Twenty-sixth Sunday in Ordinary Time

I recently saw a production of the musical “Miss Saigon.” One of the main characters is a Vietnamese man who fled into neighboring Thailand after the fall of Saigon. There he is sadly employed in the trafficking of women and children. It is a sad consequence of war and the forcible displacement of families and communities. His song is about the American Dream, his American Dream, to be more precise. It is not very flattering. It is full of misconceptions and images of excess. To him, America is where prosperity is as accessible as “pre-packed and ready-to-wear” merchandise, where everything is for sale, where nobody is really poor, where women can buy breast implants and bald men can grow hair, where people live like Hollywood celebrities and anyone can get more than their fair share of wealth and success.

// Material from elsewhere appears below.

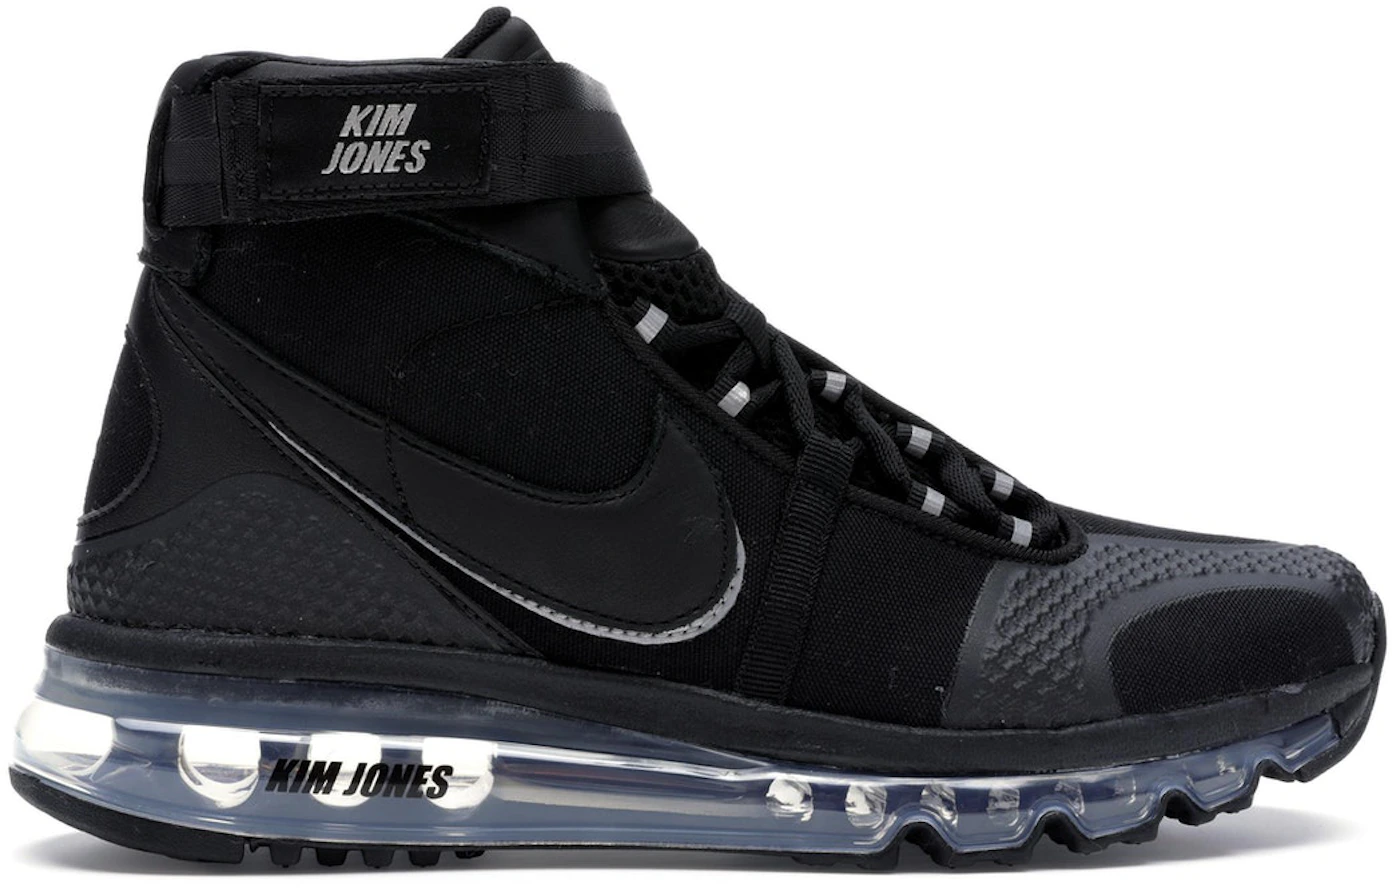 Kim Jones x Nike Air Max 360 High Black AO2313-001

The story is fictional. But what fuels it is quite real. Do you have an American Dream? We all have our own personal version of the American Dream, each distinctly unique yet strangely similar. In essence, we all want the same things in life: good looks; a positive outlook; a healthy and happy marriage and family (or something closely resembling it); a nice, big, comfortable place to live in (preferably with lots of storage space and an inexpensive mortgage); good neighbors (interesting but not strange); engaging and personally fulfilling jobs with excellent benefits; a couple of handsome vehicles; maybe a boat or two; maybe a pet or two (or not); a nice healthy lawn and flower gardens; good weather; successful financial investments; an affordable health plan; an exceptional retirement plan; grateful and well-behaved children (and one day grateful and well-behaved grandchildren when you’re ready); good schools; a lot of good food and drink; loyal friends; a nice welcoming church community with good music and good preaching; a kind and gentle pastor who isn’t too tough and doesn’t yell in church; access to healthy recreation; wholesome entertainment; stimulating vacations; good books, music, TV and movies; quiet lazy days for yard work or golf; fun and excitement when you’re up to it; a comfortable lifestyle; an enviable sense of fashion; an artistic or musical talent of some kind—even better if it has potential to turn a profit; an unobstructed cash flow; and opportunity to make even more with the least effort or investment. Does that about cover it? Cheap gas, free Wi-Fi, free refills. No junk email, telemarketers, or political advertising. I think it all comes down to three essentials—opportunity, freedom and prosperity—or in more familiar terms, life, liberty and the pursuit of happiness.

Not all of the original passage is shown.